His body cut through the water cleanly.

Freedom.

Each step, each jump, still felt miraculous—even after three years.

He emerged from the lake, water dripping from black hair, sharp black eyes reflecting sunlight. His face was striking, features defined, jaw cleanly sculpted.

The girls bathing nearby did not scold him.

They smiled.

They waved.

"Hey, Azor," one of them called sweetly.

He ran a hand through his hair, retrieved his shirt, and walked away without looking back.

Good thing I'm mentally twenty-two, he thought dryly. A real child would've been ruined by that attention.

Several boys followed him, jealousy written plainly across their faces.

This body was everything his previous one had not been—strong, responsive, powerful.

One of the boys behind him reached out and touched his neck.

Azor turned instantly.

"What?"

The boy froze.

Azor's senses had sharpened unnaturally.

Then everything changed.

The world twisted.

Before him appeared a sea of souls—grotesque, broken, distorted. Their eyes burned with hunger as they stared directly at him.

"What… what is this…?"

The boys around him waved their hands frantically, shouting, but their voices felt distant. Azor couldn't tear his gaze away.

Memories flooded his mind—violent deaths, quiet endings, unbearable sins, fleeting happiness. Too many. Too fast.

The weight crushed him.

Darkness claimed him.

The next day, they were gone again.

Another city.

This time, the was again because of him.

Azor stopped asking questions. His parents avoided answers anyway, and he refused to make them uncomfortable.

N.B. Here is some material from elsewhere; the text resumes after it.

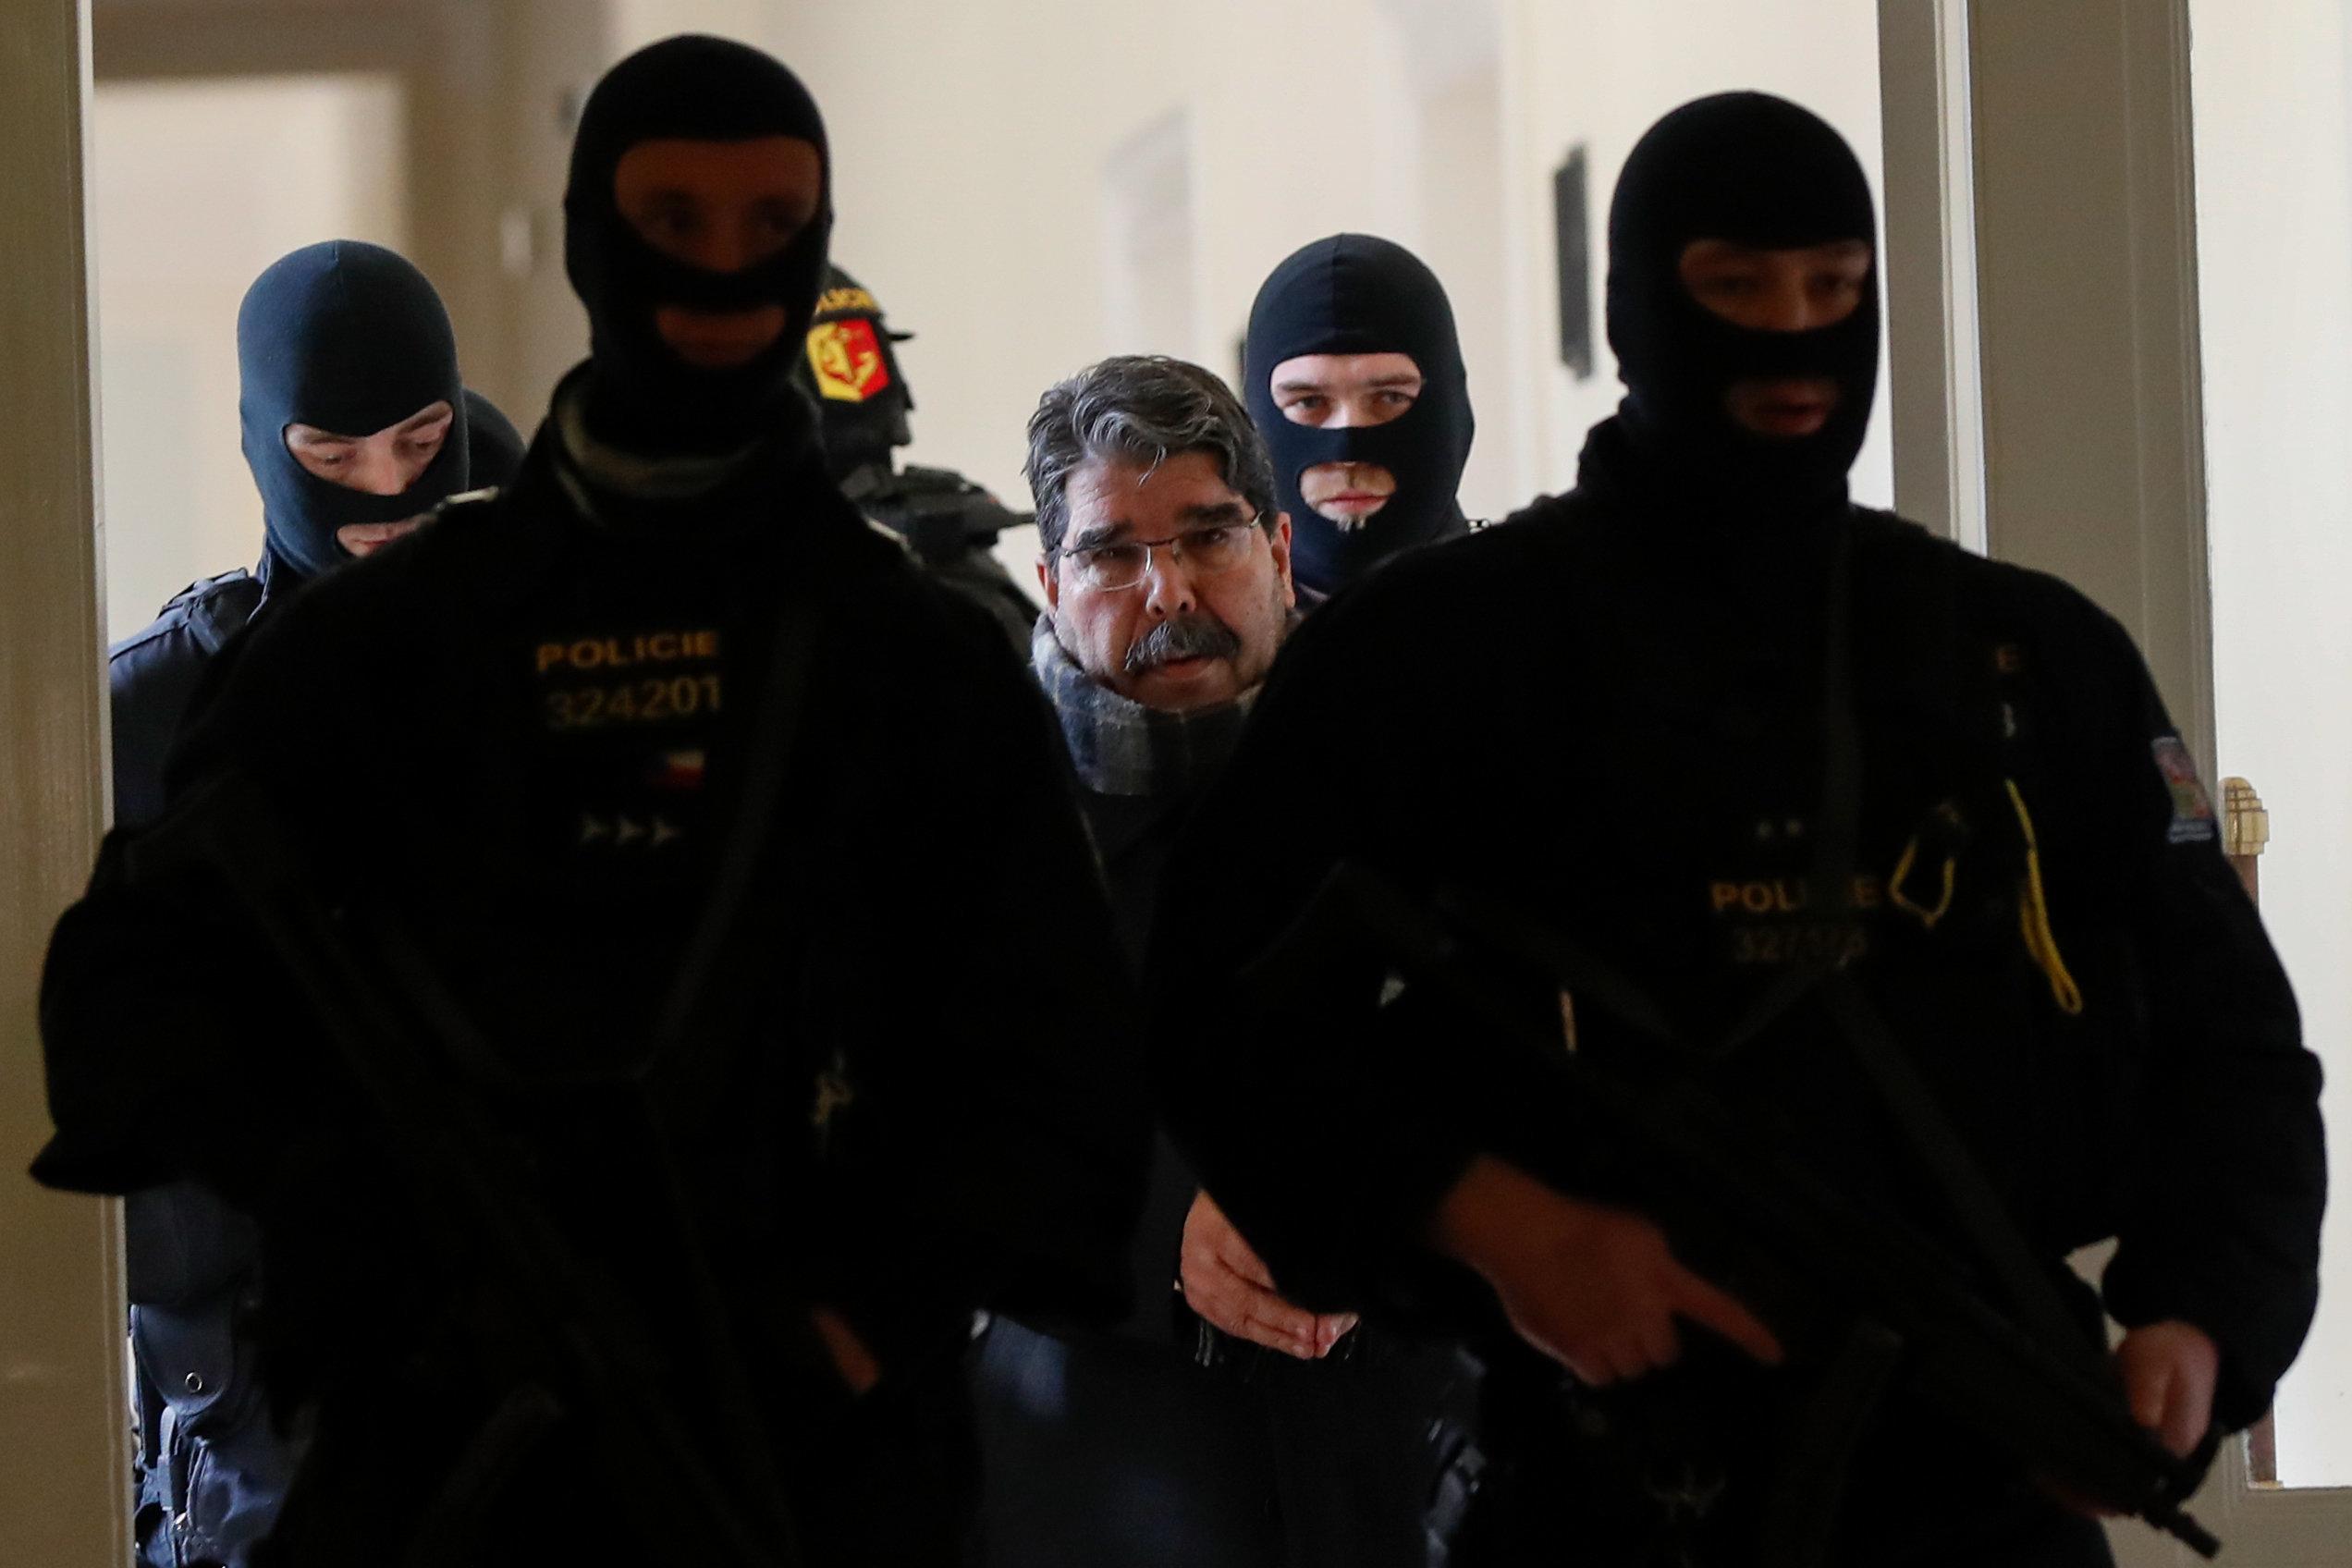 Επικηρυγμένος από τον Ερντογάν. Ο ηγέτης των Κούρδων της Συρίας μιλά αποκλειστικά στη HuffPost Greece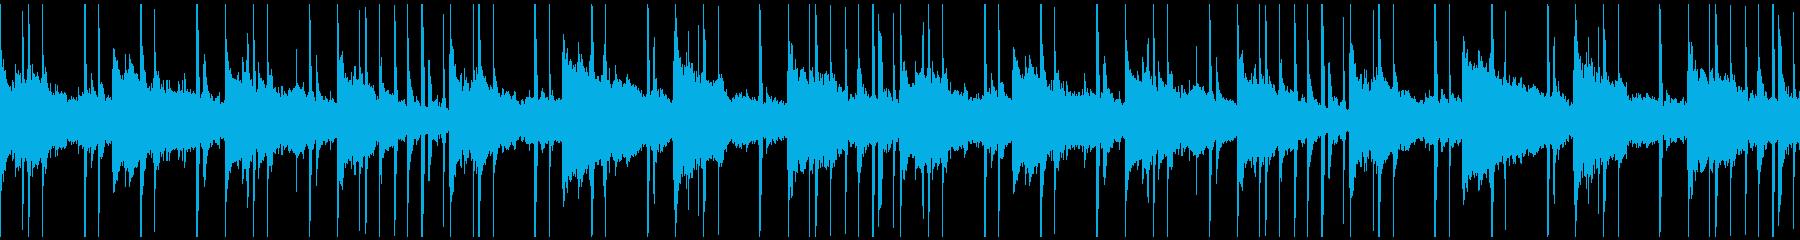 リラックスできるローファイなチルBGMの再生済みの波形

In his new room—slightly larger than the last—he sat quietly. His mother entered, her black almond-shaped eyes gentlly landed on him.

She noticed the framed drawing in his hands.

"You're looking at her again," she said softly.

"Why don't you tell me about that girl?"

He placed the frame carefully on the table. It was a drawing of Alina.

"How many times have I told you?" he replied calmly. "She's just a girl who visits me in my dreams."

He guided her out.

His father sat at the dining table, youthful and handsome, flipping through a newspaper.

His mother kissed his forehead gently getting on her toes.

"Mama loves you."

She left towards the kitchen.

Azor touched his forehead.

"I'm not a child anymore."

His father snorted.

"You're stealing all my wife's affection."

"She loves me more than you," Azor replied calmly.